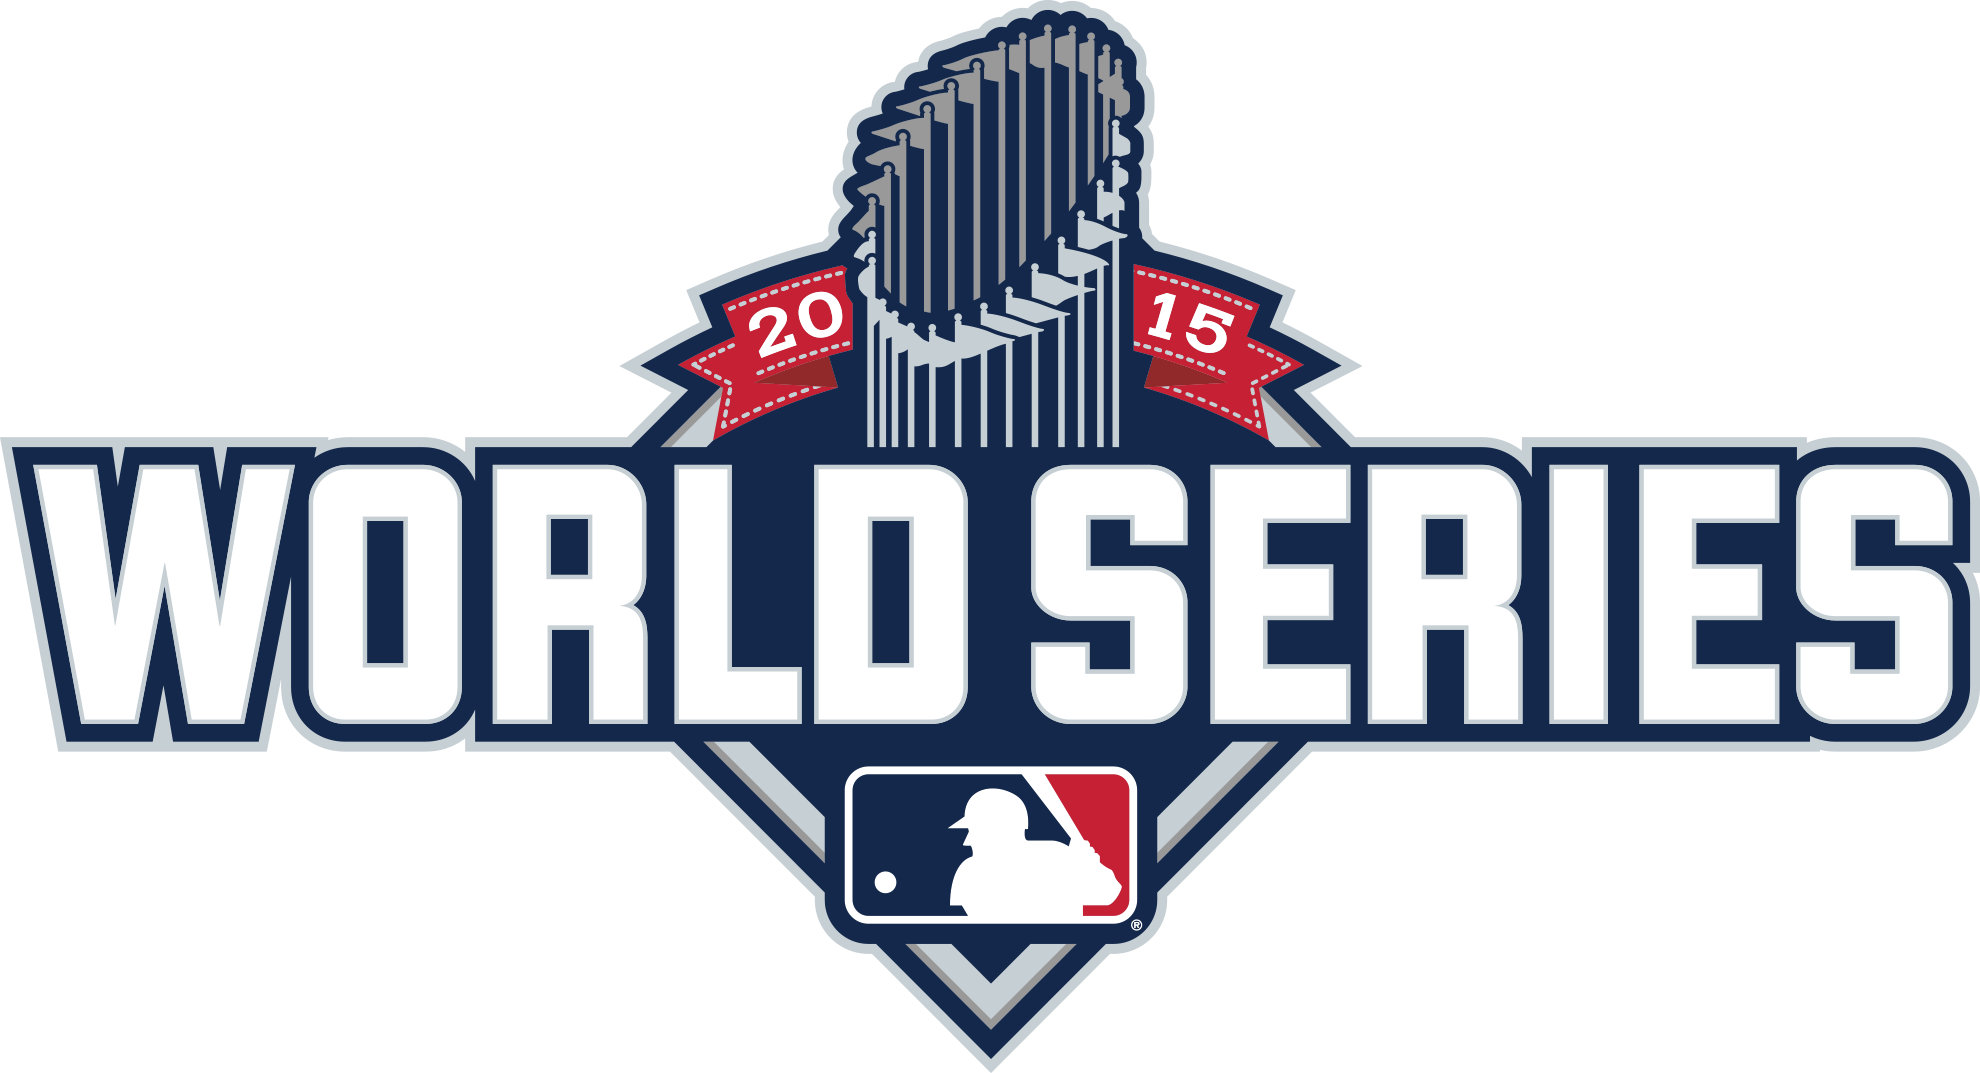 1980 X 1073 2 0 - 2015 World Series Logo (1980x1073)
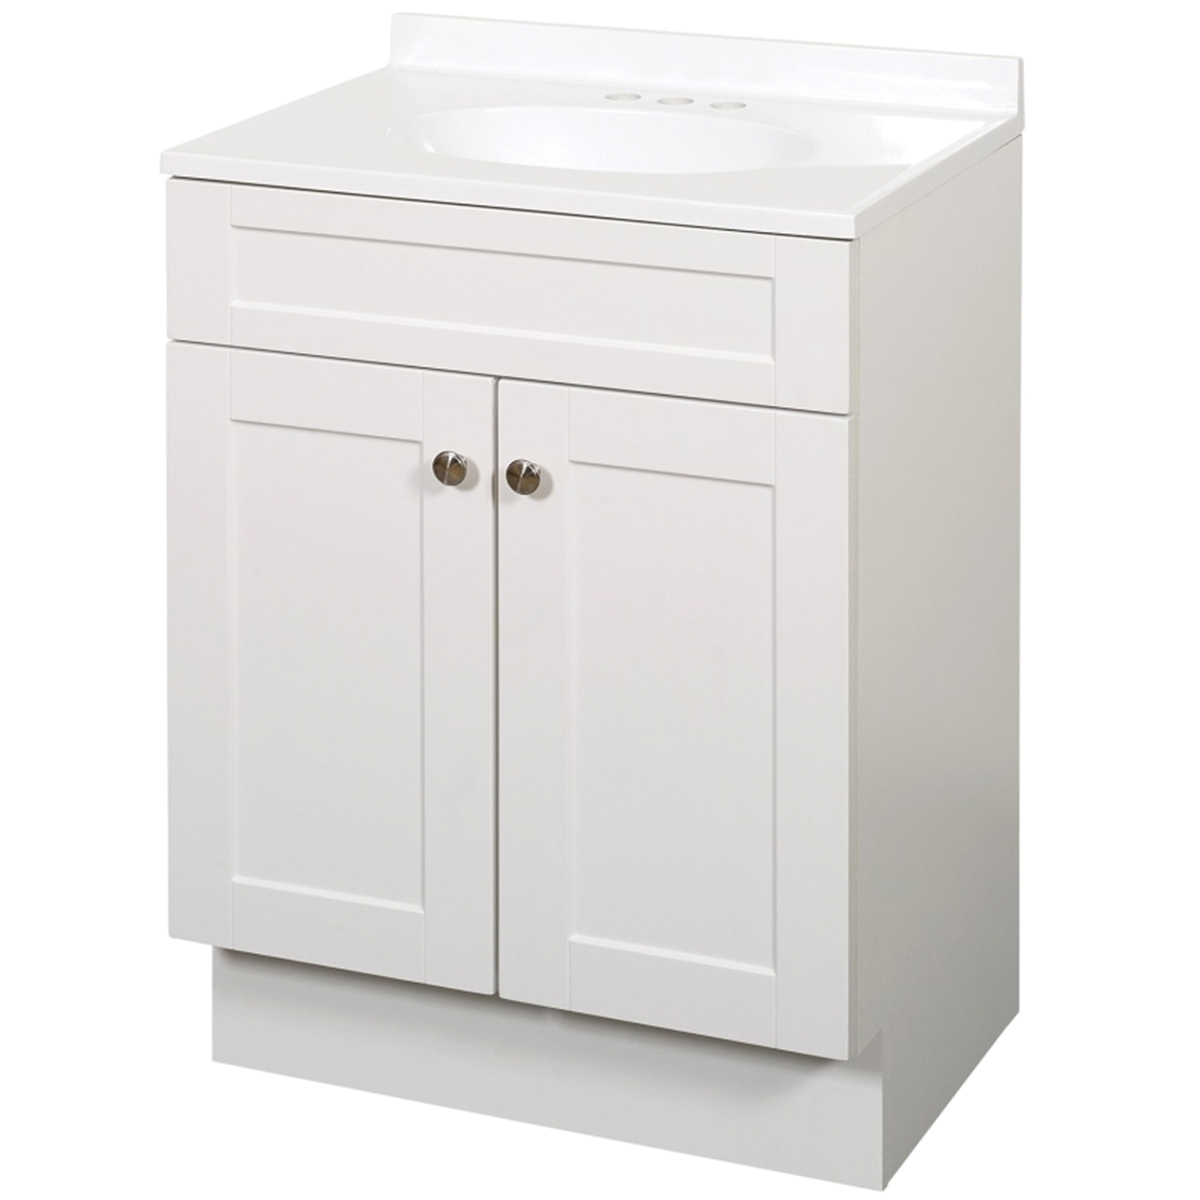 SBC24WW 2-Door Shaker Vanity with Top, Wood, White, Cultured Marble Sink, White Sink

---

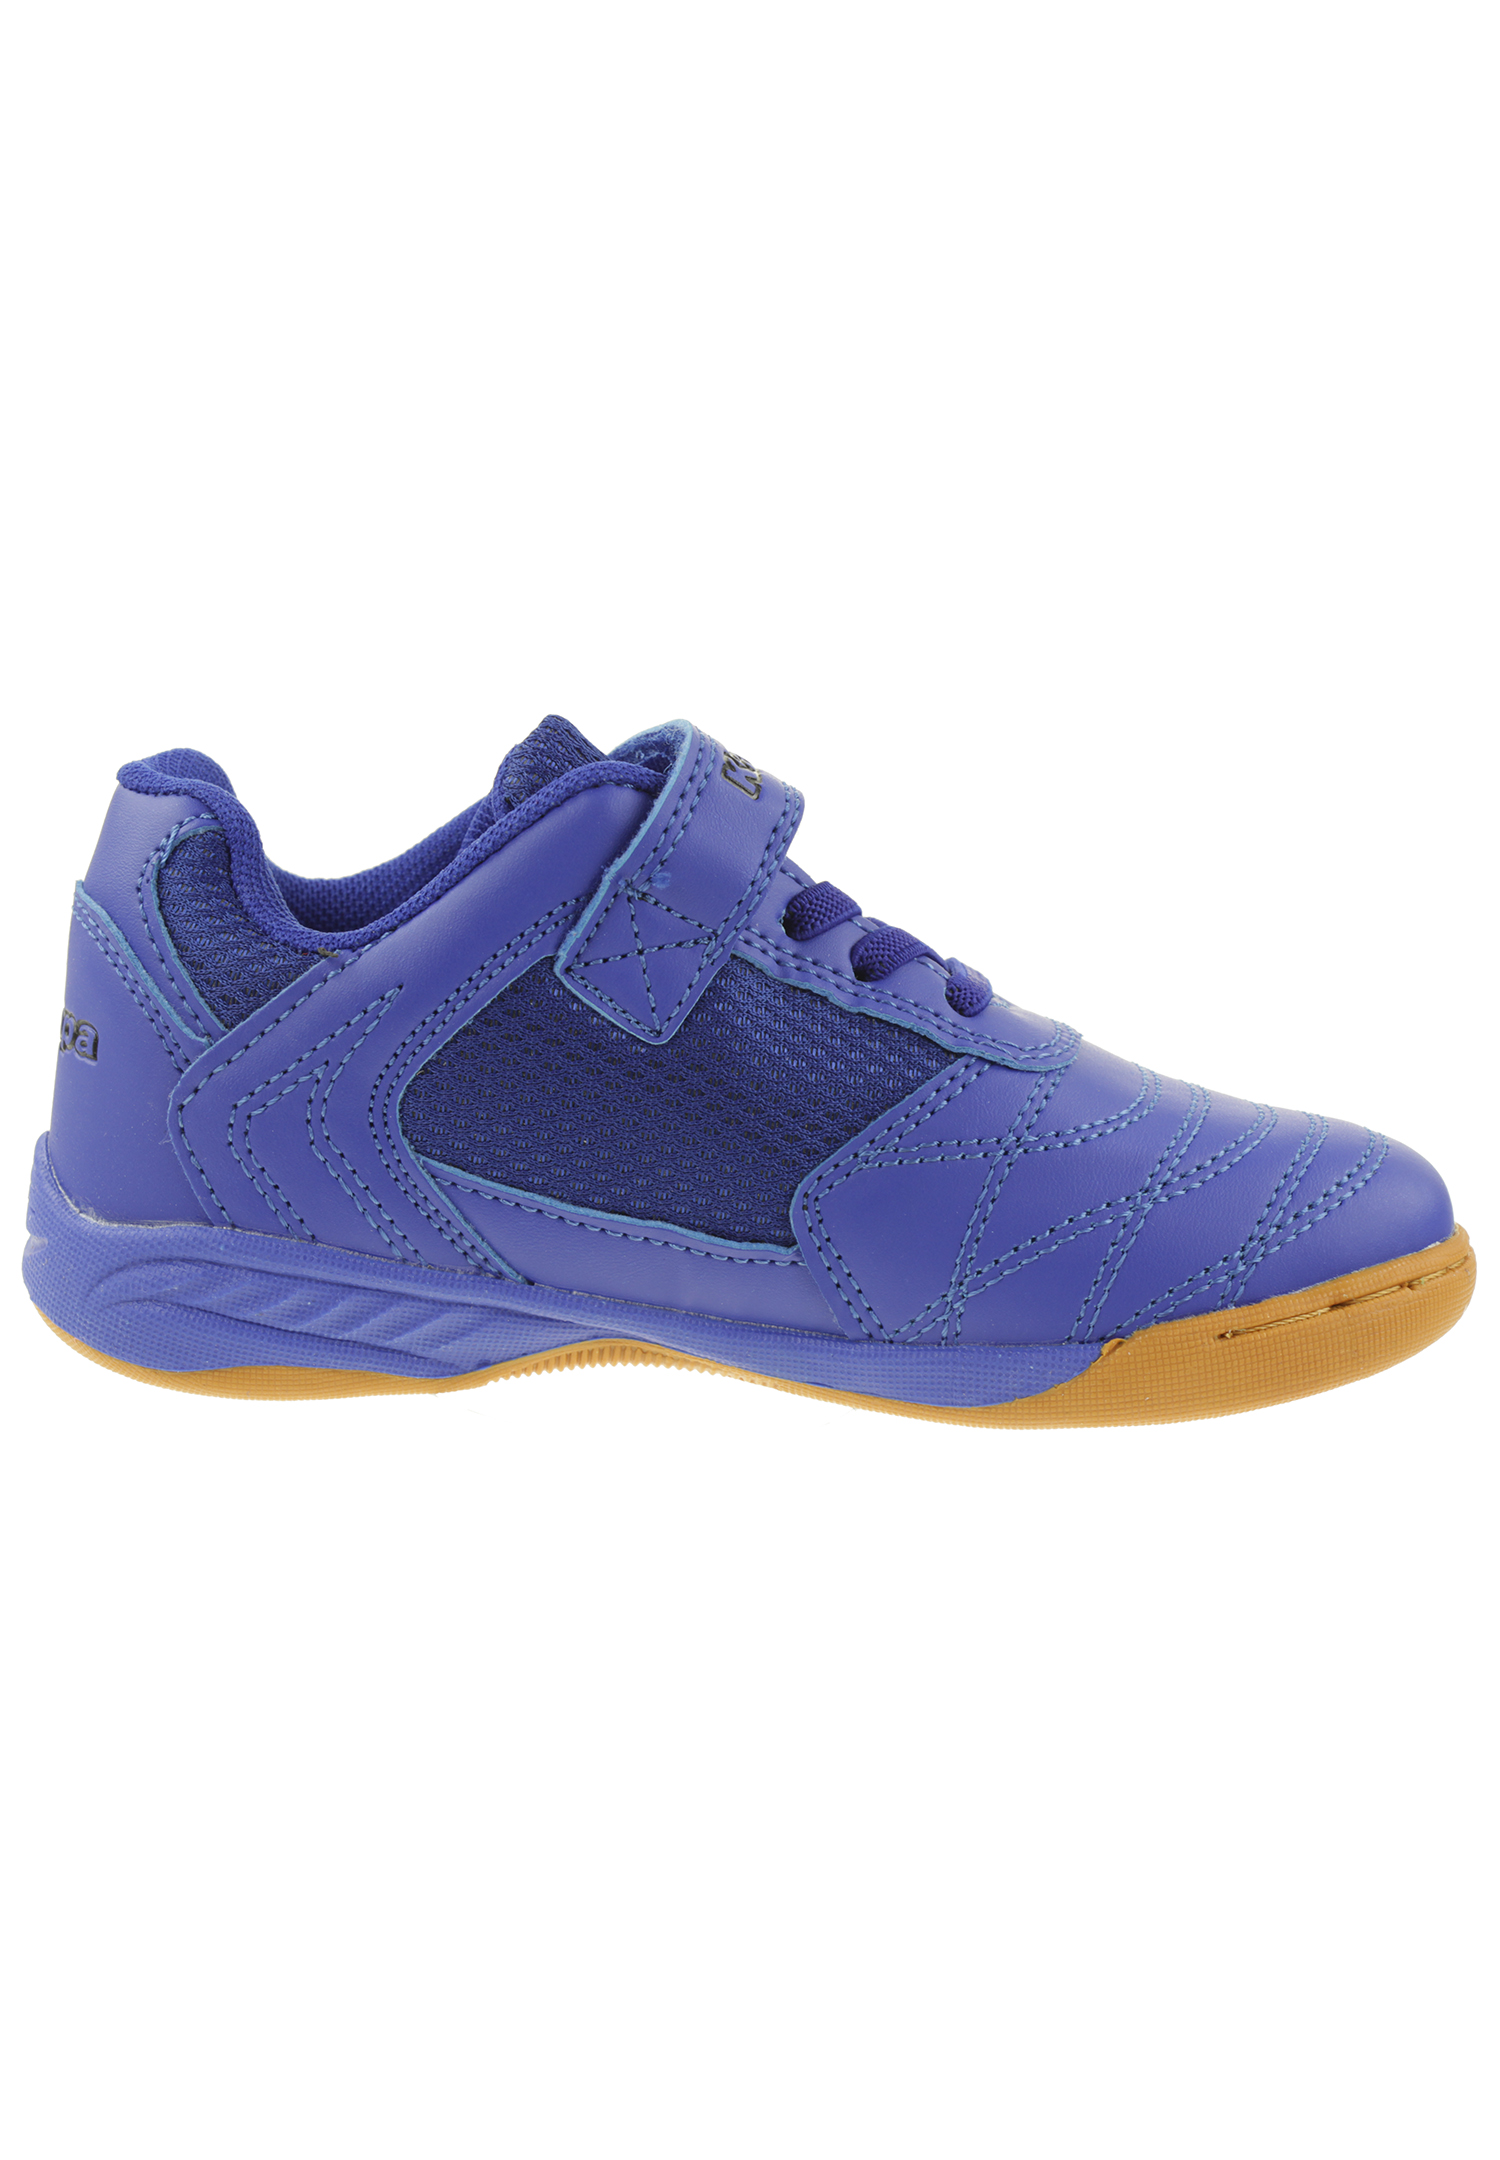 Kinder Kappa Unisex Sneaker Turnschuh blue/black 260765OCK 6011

==

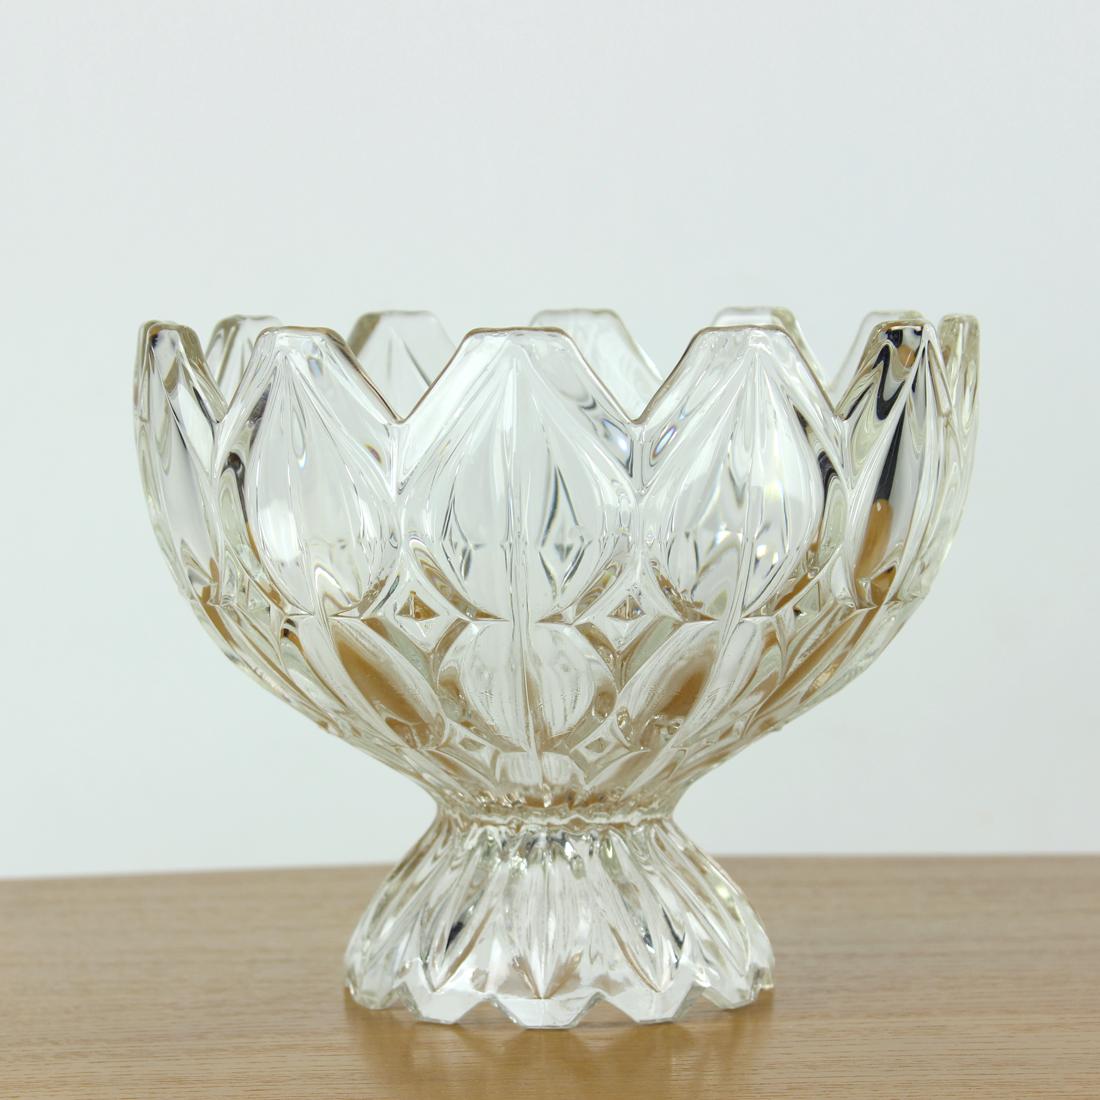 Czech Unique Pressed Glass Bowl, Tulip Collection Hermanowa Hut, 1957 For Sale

## Exercise requirements
Above are entries with pictures among them. Write out exactly the lines from the one containing "1980 X 1073" through the one containing "SBC24WW 2-Door Shaker", ends included, and leave those pictures out.

## Your solution
 1980 X 1073 2 0 - 2015 World Series Logo (1980x1073)
 SBC24WW 2-Door Shaker Vanity with Top, Wood, White, Cultured Marble Sink, White Sink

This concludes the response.